Here's the recipe I used, it always goes over well
http://allrecipes.com/recipe/beer-dip-i?sitepref=ar


----------



## Super_Freak

I like to put a smoked salmon and cream cheese dip into my brain mold. The chunky texure and pinkish color are very convincing! 
Just line the mold with plastic wrap and fill with room temperature dip (crumbled smoke salmon and softened cream cheese combined). Press it firmly against the mold, cover and refrigerate. Serve on a platter with a cracker assortment and green olives and put just a couple drops of red food coloring on top so that it runs down the 'brain cracks' just right. Yum!
My hubby just returned from fishing, loaded with salmon for smoking. All I see is delicious brain dip - can't wait!


----------



## Blarghity

Sorry, all I've done is Jello - as a brain in a jar. Did the brain with strawberry jello, and put it in a glass cookie jar with lemon jello, so it looked like the brain was suspended in yellow fluid. Turned out awesome as a completely edible dinner centerpiece/dessert.


----------



## Ghost of Spookie

Don't know about the plastic that the mold is made from but maybe it could be made as an ice cream mold.


----------



## Ghouliet

I did not use the brain mold for ice in my punch but I have used the skull mold for that so perhaps it would work too.


----------



## kmb123

Thanks for all the great ideas folks! 

Super_Freak - I think I may try a variation of your suggestion. I'm not a big fan of salmon so I may try to find a dip with similar consistency without the salmon. Am I correct in saying that pretty much any recipe with cream cheese as the base should work?


----------



## jenscats5

I made a shrimp dip last year, but no one ate it......looked cool tho!!


----------



## kmb123

jenscats5 - that's been a problem I've had in the past too. Most of our friends ooooh and ahhhh over the nasty appearance of the food, but they don't eat it because it looks too gross. The ones that do eat it try to convince the others that it tastes much better than it looks but some just can't stomach it.


----------



## jenscats5

kmb123 said:


> jenscats5 - that's been a problem I've had in the past too. Most of our friends ooooh and ahhhh over the nasty appearance of the food, but they don't eat it because it looks too gross. The ones that do eat it try to convince the others that it tastes much better than it looks but some just can't stomach it.

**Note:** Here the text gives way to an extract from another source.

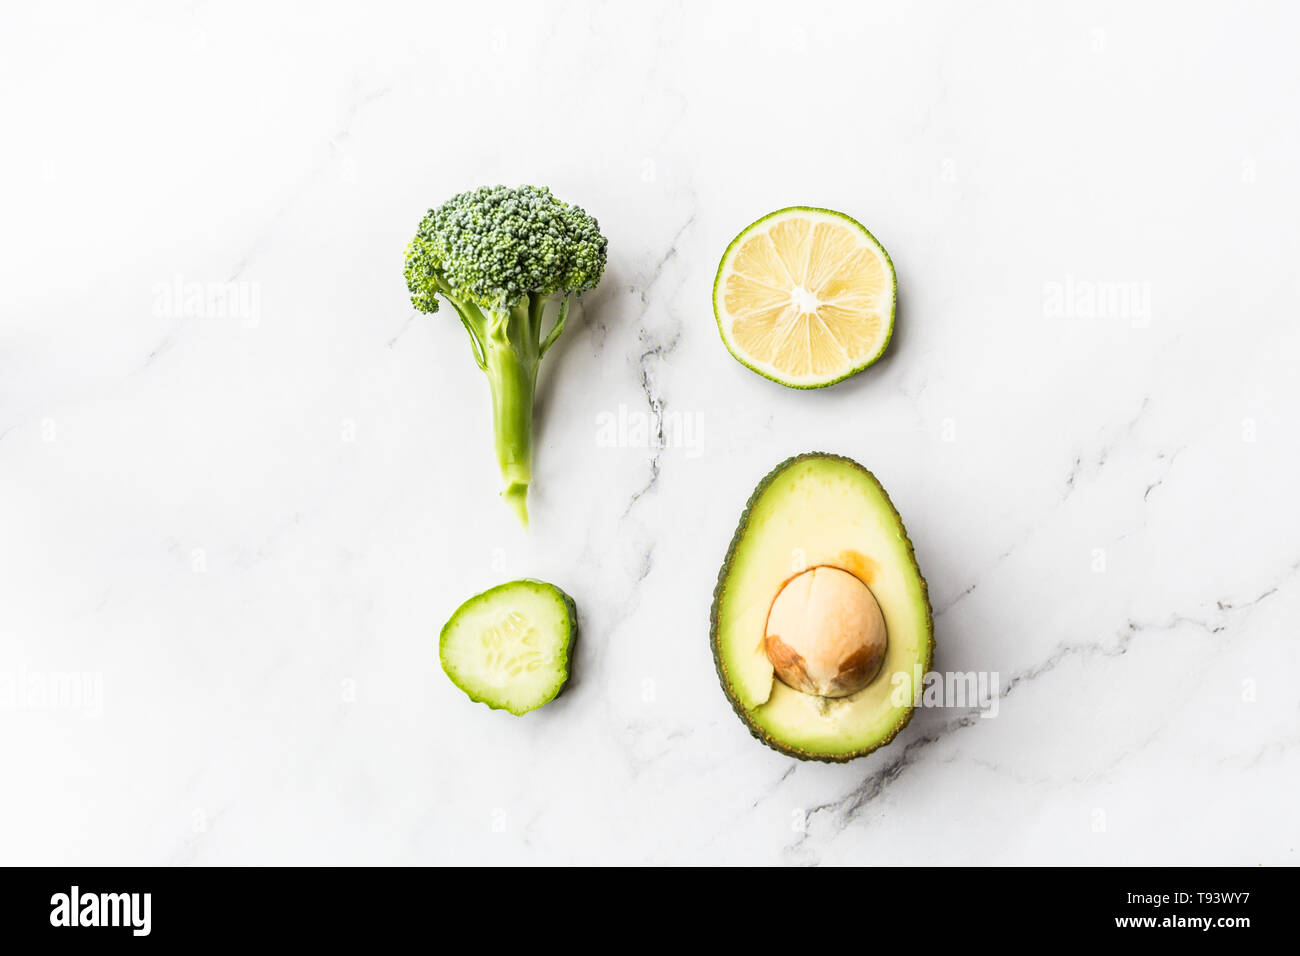 Frische Avocado, Kalk, Brokkoli, grüne Erbsen, Gurken, grüner Pfeffer.  Flach. Essen Konzept. Grünes Gemüse liegen auf weißem Hintergrund  Stockfotografie - Alamy

I didn't think the shrimp dip looked too gross - I wonder if people just didn't like it cuz I did spinach dip ala puking pumpkin & that went over well. Dunno, but won't bother making the shrimp dip again....definitely not worth making food people won't eat!


----------



## Super_Freak

kmb123 said:


> Thanks for all the great ideas folks!
> 
> Super_Freak - I think I may try a variation of your suggestion. I'm not a big fan of salmon so I may try to find a dip with similar consistency without the salmon. Am I correct in saying that pretty much any recipe with cream cheese as the base should work?


kmb123 - Yes, I think any dip made with cream cheese would work well in a mold, since it's the perfect consistency to get into all those little knooks and crannys. Just be sure it's room temp to start and you press it into the mold really well. The first one I made I didn't do this and it was just sort of a vague looking lump haha. Good luck and have fun!


----------



## Dani21

how do you get the brain mold??


----------



## kmb123

You can get it at the link below. It is FREE + $2.95 shipping!

https://apfco.com/secure/w1381/product_description.cfm?product=KW1381-1


----------



## Shannie-Boo

http://www.halloweenforum.com/party-ideas-experiences-recipes/110166-brain-mold-recipe-cant-find.html

This might help. I do a ham spread that is so popular, I made two brains one year (the recipe is in the link).


----------



## Muffy

Shannie-Boo, I'm still trying to find the link for this ham salad you do in the brain mold.......can you direct me to where that recipe is.


----------



## Chrissy

I always get a couple of boxes of No Bake Jello cheesecake and it comes out great! I use food coloring to make the mixture a nice brainy color and then use the strawberry sauce as blood. Everyone loves it!


----------



## witchy poo

Chrissy said:


> I always get a couple of boxes of No Bake Jello cheesecake and it comes out great! I use food coloring to make the mixture a nice brainy color and then use the strawberry sauce as blood. Everyone loves it!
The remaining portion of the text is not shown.